**THE PROBLEM**: Where a picture shows up in the listing below, omit it and output the rest exactly.

**INFORMATION SHOWN**:
* * *

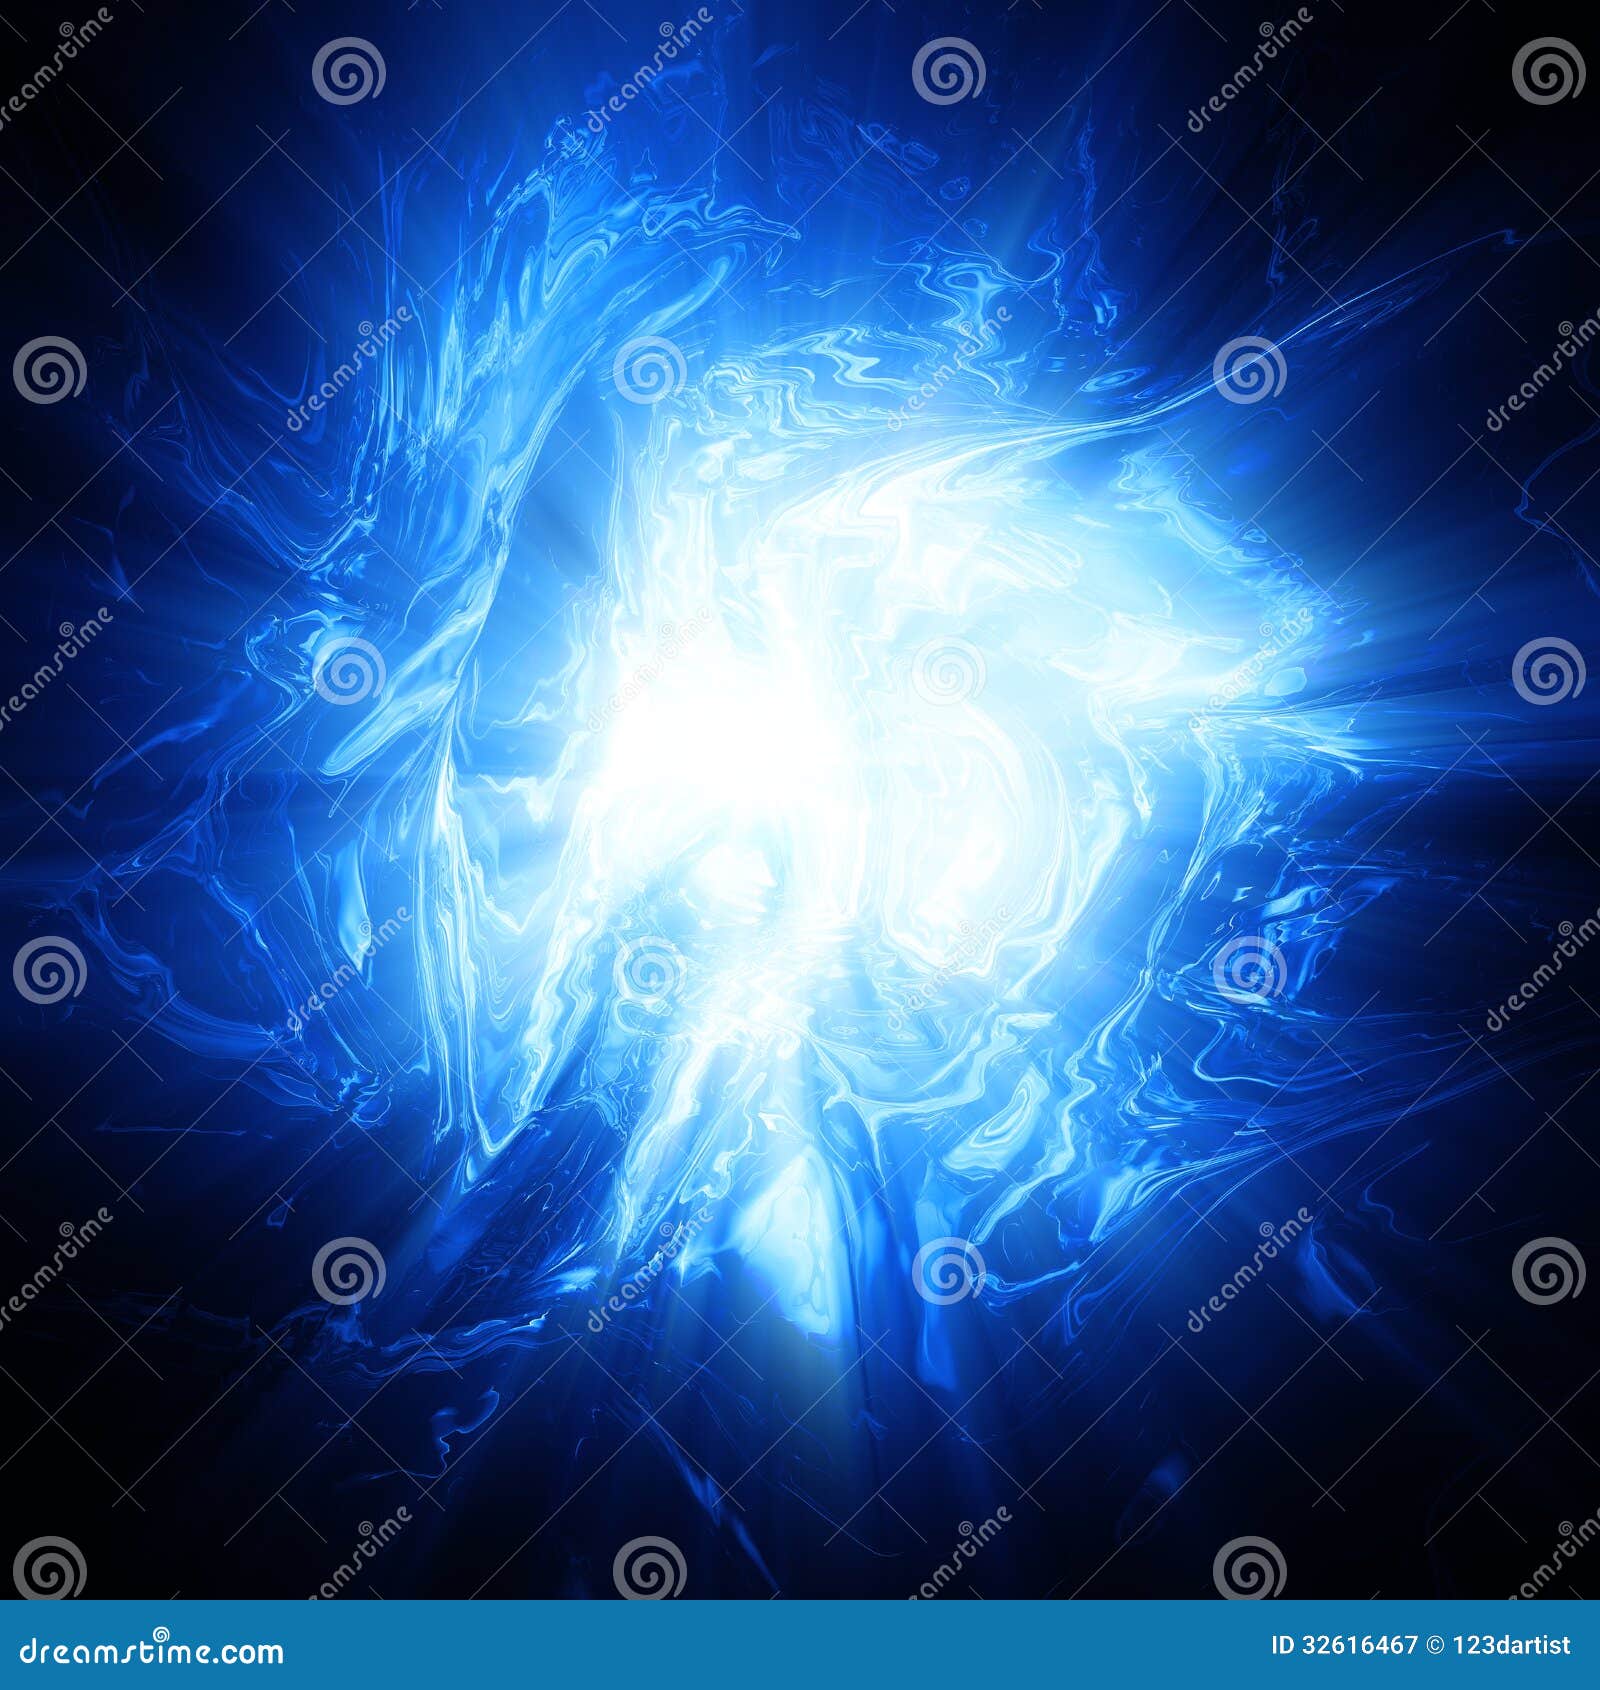 shining blue plasma
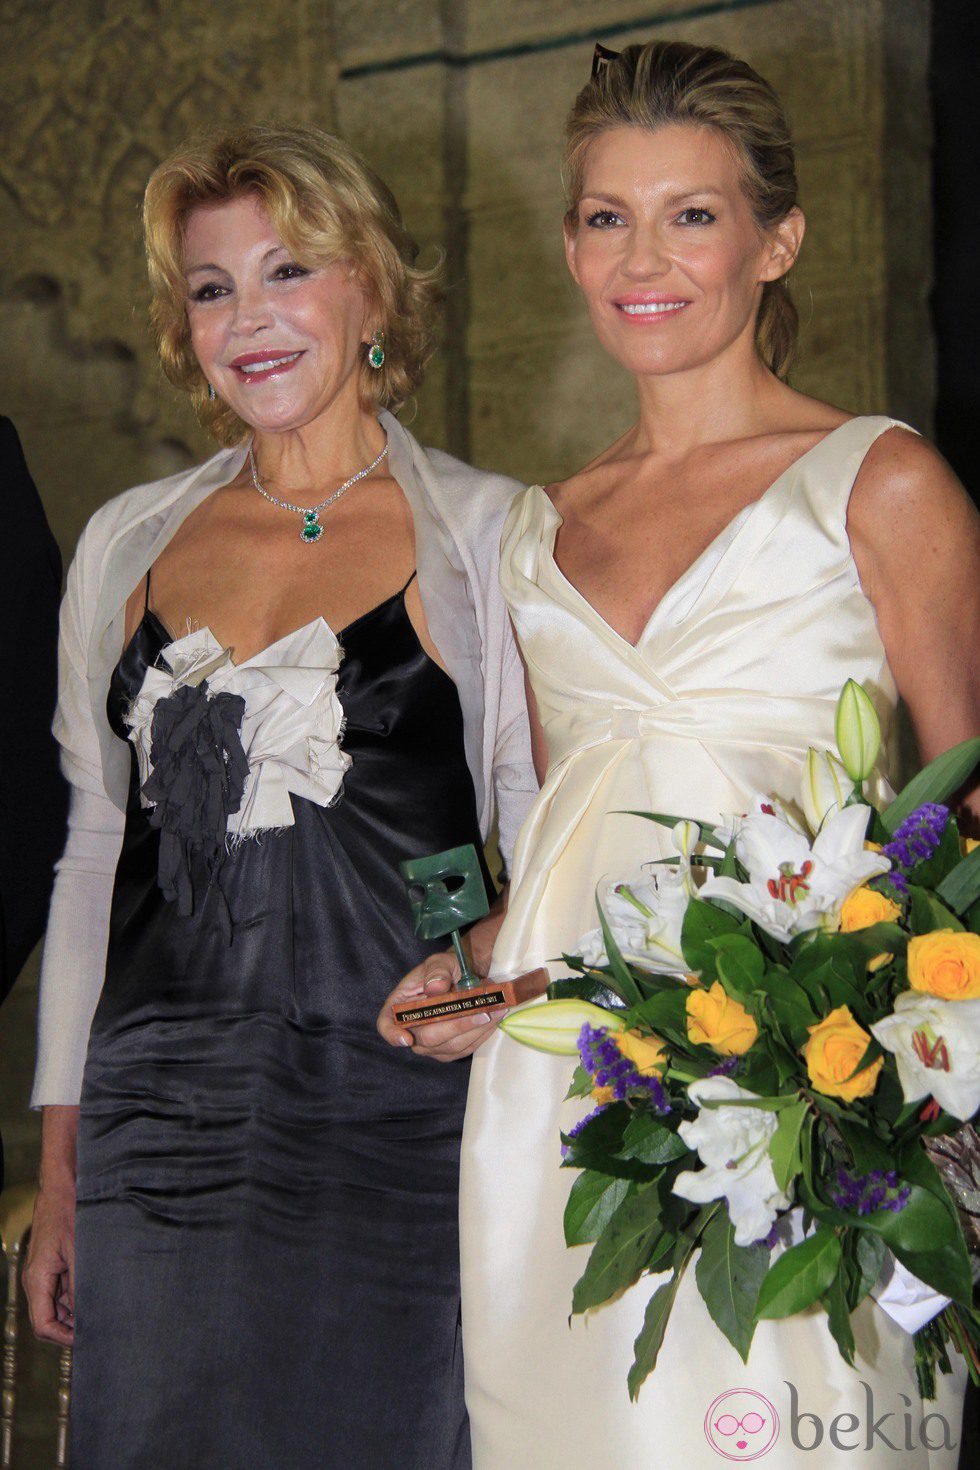 La Baronesa Thyssen y Patricia Rato en los Premios Escaparate 2011
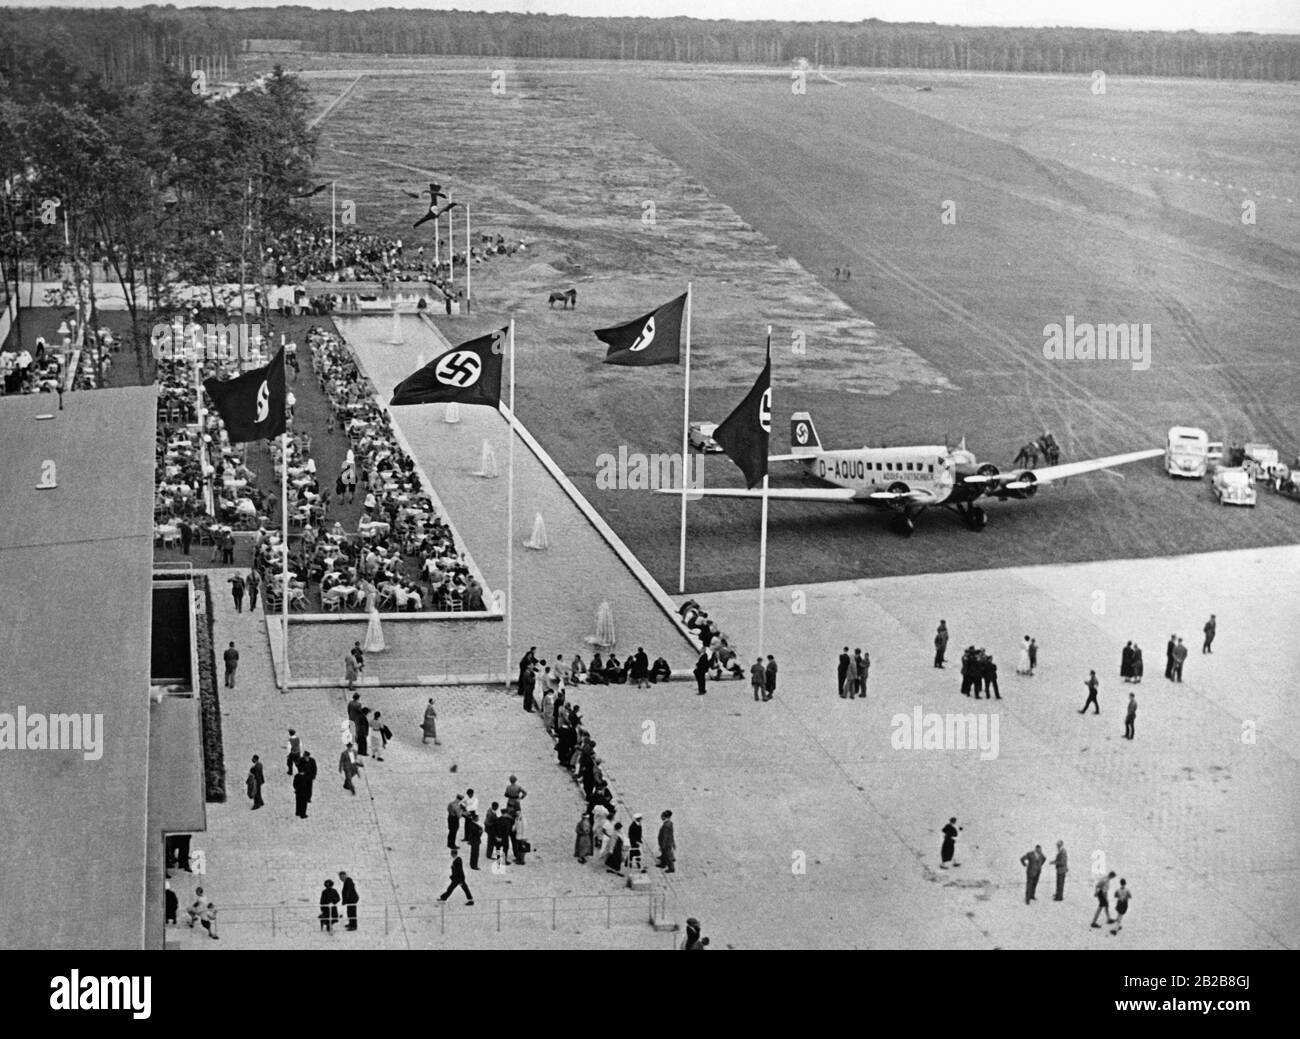 Apertura dell'aeroporto di Francoforte da parte di Erhard Milch e del Governatore Reich di Assia, Jakob Sprenger. Sul piazzale c'è un Junkers Ju52 di Lufthansa. Foto Stock

* * *

**SOLUTION TO THE PROBLEM**:
 shining blue plasma
 La Baronesa Thyssen y Patricia Rato en los Premios Escaparate 2011
 Apertura dell'aeroporto di Francoforte da parte di Erhard Milch e del Governatore Reich di Assia, Jakob Sprenger. Sul piazzale c'è un Junkers Ju52 di Lufthansa. Foto Stock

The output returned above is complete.